Independent research from the Nativerse lab. Figures are public App Store data, cited, not invented.

Top comments (5)

AI Buddy • Jun 21

The 0% reply rate for AI assistants matches what I've seen building a small Chrome extension. Once you cross a few thousand users, the volume of "doesn't work" reviews outpaces anything you can reply to manually — and most of those reviews are actually the same three problems worded differently.

The Dropbox / Gmail / Drive number makes sense because those products have ticket systems and SLAs, so replying to a review is a side-effect of a process that exists for other reasons. AI assistants don't have that — every reply is a one-off, and it's easy to let the queue rot.

I'd push back slightly on "Ghost Ships" framing though. For AI assistants specifically, the failure mode is usually not silence but copy-paste support replies that don't address what the user actually said. A "thanks for the feedback, we'll look into it" reply counts toward the metric but doesn't fix anything. Hard to capture in a dashboard, but it's worth distinguishing.

Neelagiri65 • Jun 22

@cwsaibuddy Genuinely it is a really useful note.. ticket system framing is better than mine. Dropbox, Gmail and Drive reply because a support process already exists and a review is just one more inbox into it. AI assistants have no such queue so every reply is a one off and the backlog wins.

Your Ghost Ships pushback is right and it is the next thing I am building. The current metric only asks whether a reply exists not whether it answers anything. My research already flags templated replies by their shared openings so I will add reply quality split.

The "same three problems worded differently" point is the other half. If a few clusters cover most recent complaints answering the cluster once beats answering every review and that's a fairer bar than raw reply rate. Thanks again for taking the time.

AI Buddy • Jun 22

thanks, this landed. ticket system framing is the one I keep coming back to. same three apps reply rates and it tracks their org chart more than their product maturity. if I had to pick one chart that would predict 0% reply rate it'd be a headcount chart of the company.

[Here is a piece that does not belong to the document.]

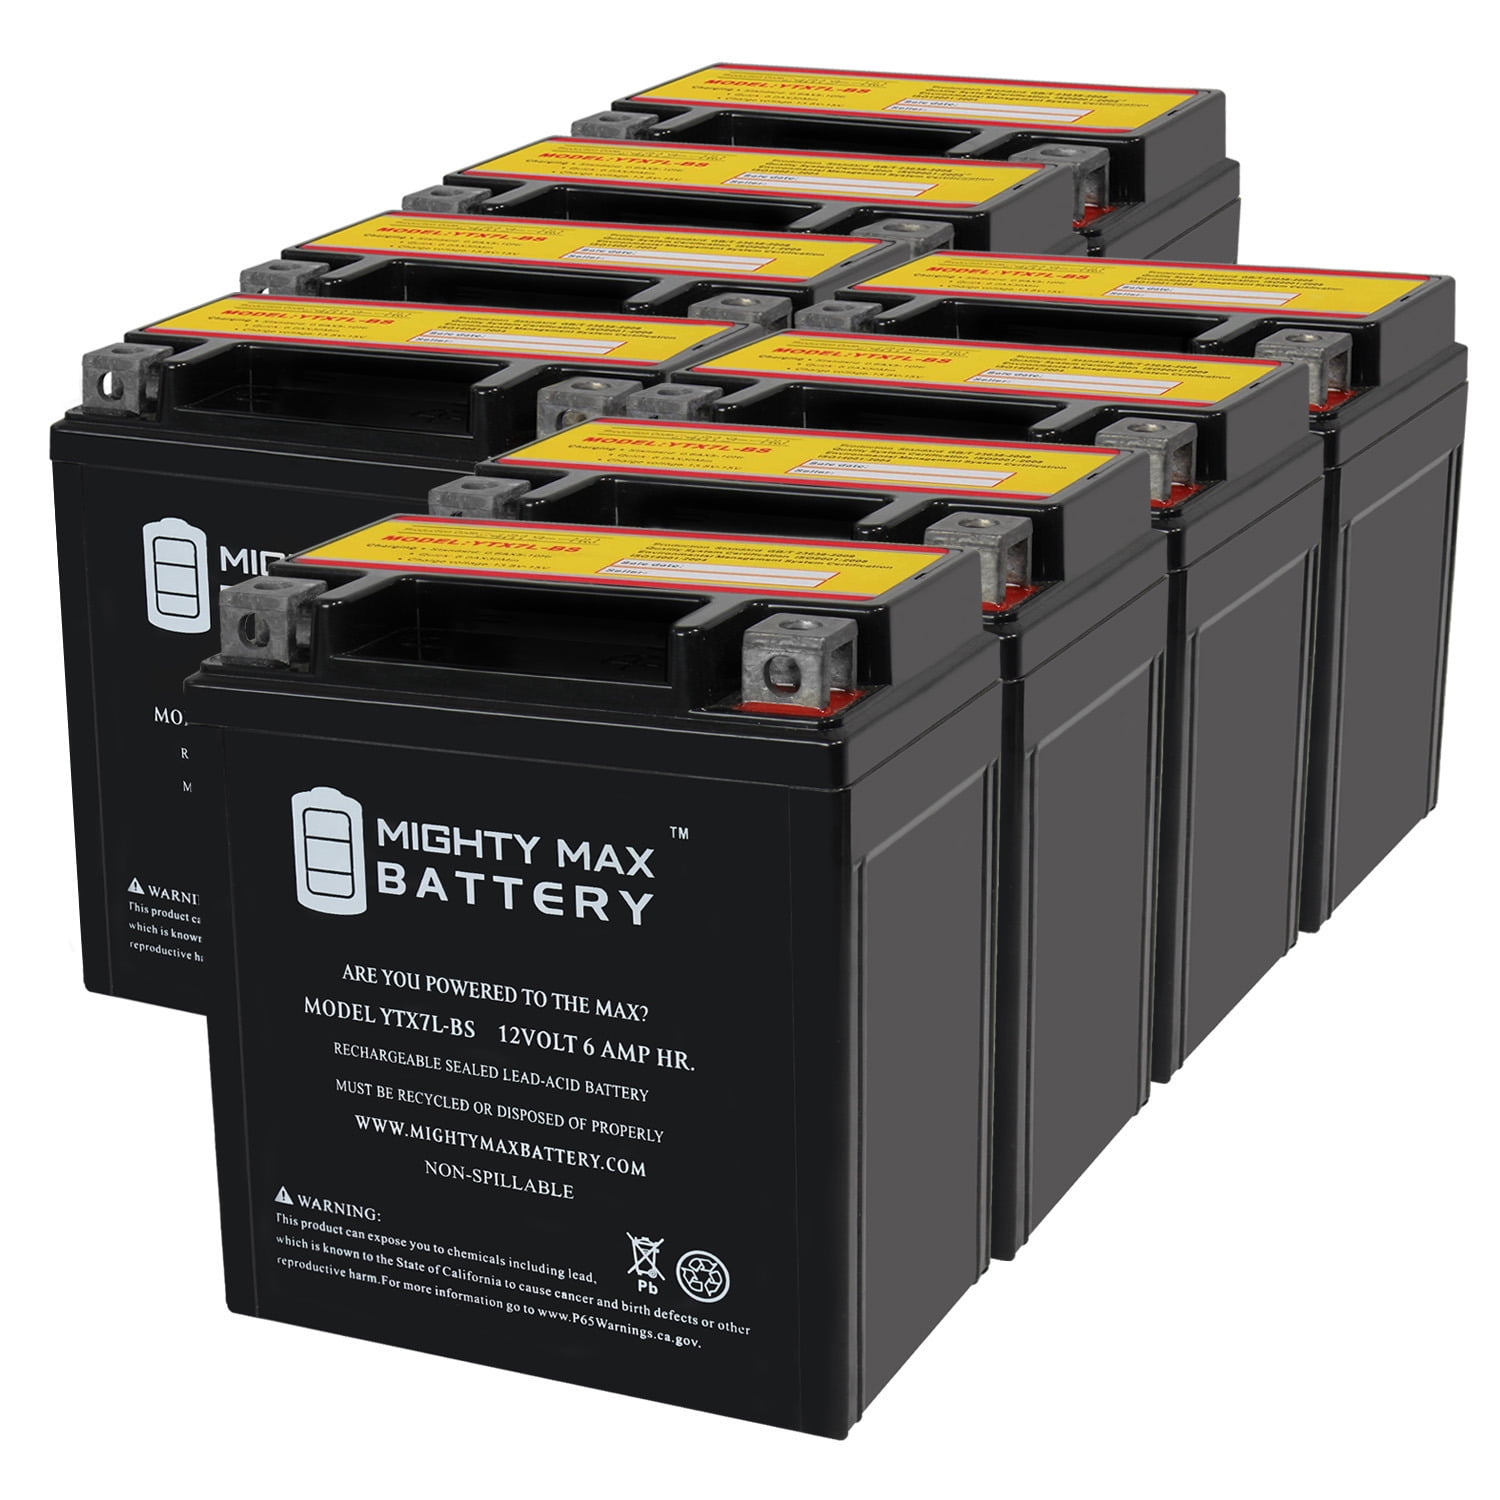 Batterie BOSCH YTX7L 4 YTX7L BSB4L B 12V 6AH 50 A complète avec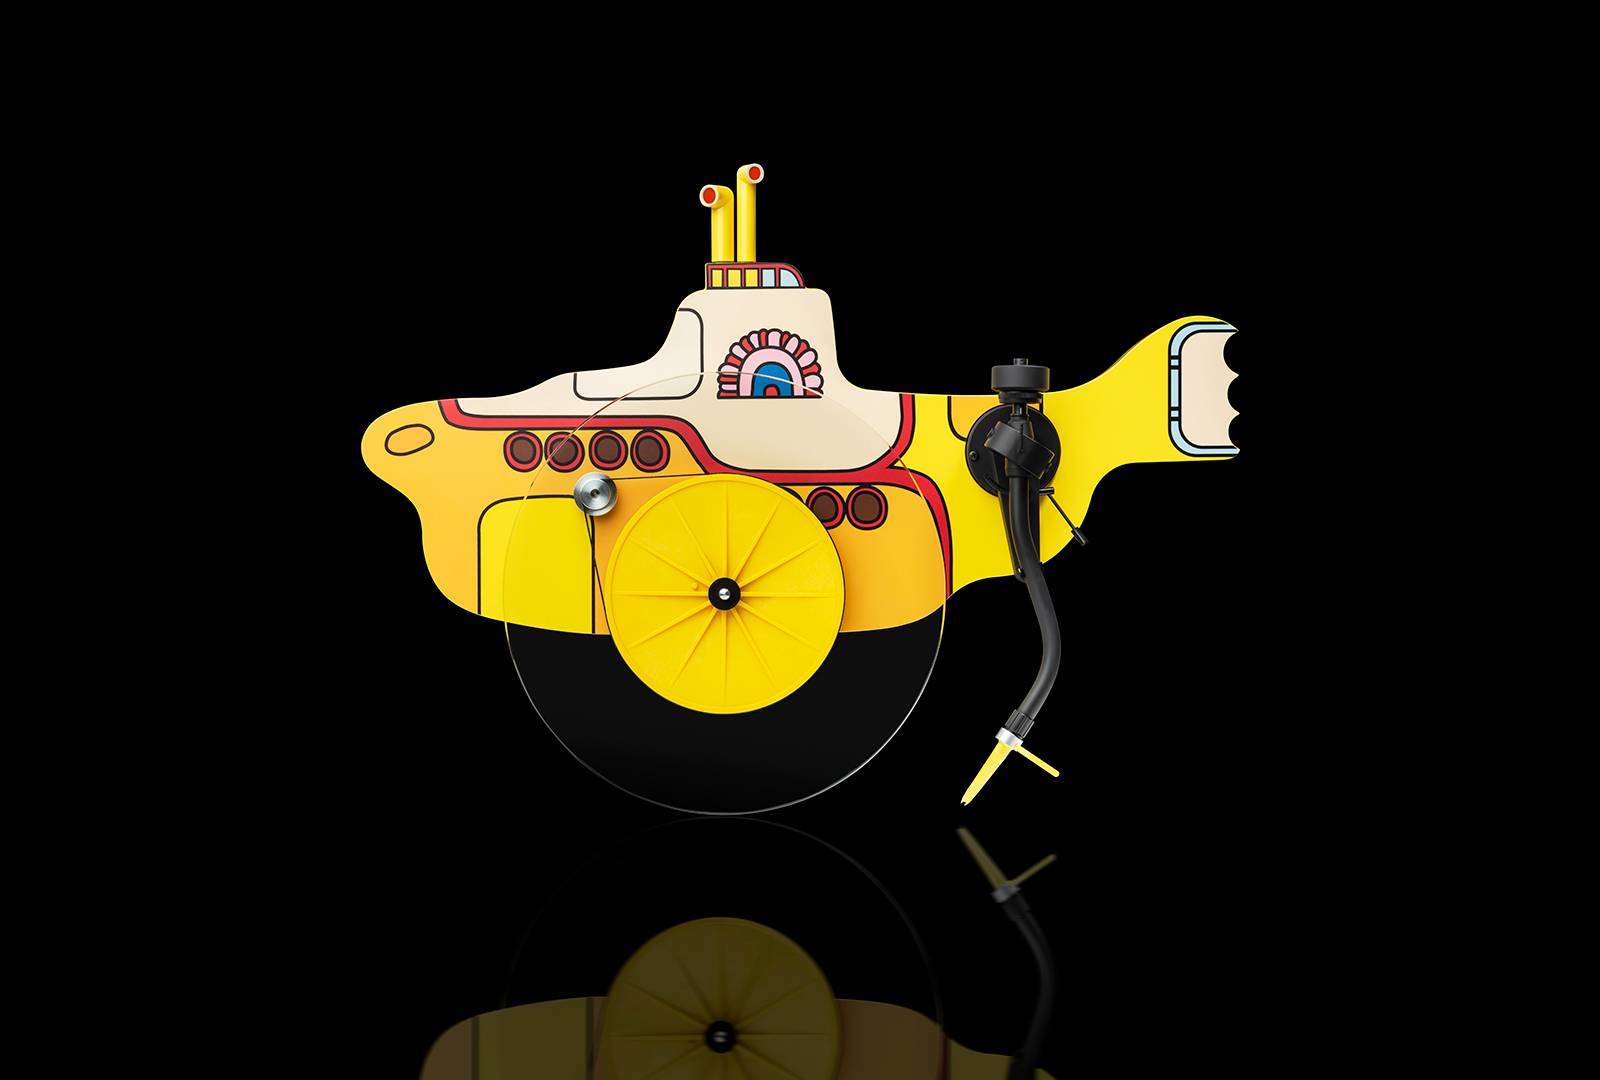 Pro-ject Beatles Yellow Submarine

the cluster reply bar is the right one to add. raw reply rate is gamed by 'thanks for the feedback' macros and a quality split would expose that. one question: are you flagging templated replies by shared openings, or something more semantic? I would have naively started with shared openings and would love to hear what didn't work before you moved on.

the ghost ships update is genuinely useful. once reply quality is split, a 60% reply rate with 90% templated is worse than 30% with 80% substantive, and that gap is what everyone in this space should be benchmarking on.

Nazar Boyko • Jun 21

Splitting one star into two numbers is a smart frame, since a lifetime average barely moves and tells you almost nothing about how this month feels. What I liked most is that you flagged the selection bias yourself. People who hit a bug rush to leave a review while happy users stay quiet, so a low recent score is part real decline and part who bothered to show up. Keeping the reply rate as its own axis is what makes the four buckets actually useful, because silence is a choice the team made, not noise in the data.

Neelagiri65 • Jun 21

@nazar_boyko thank you for your valuable inputs. would really appreciate if you could give any inputs on what other perspectives would make it more interesting and really useful for you.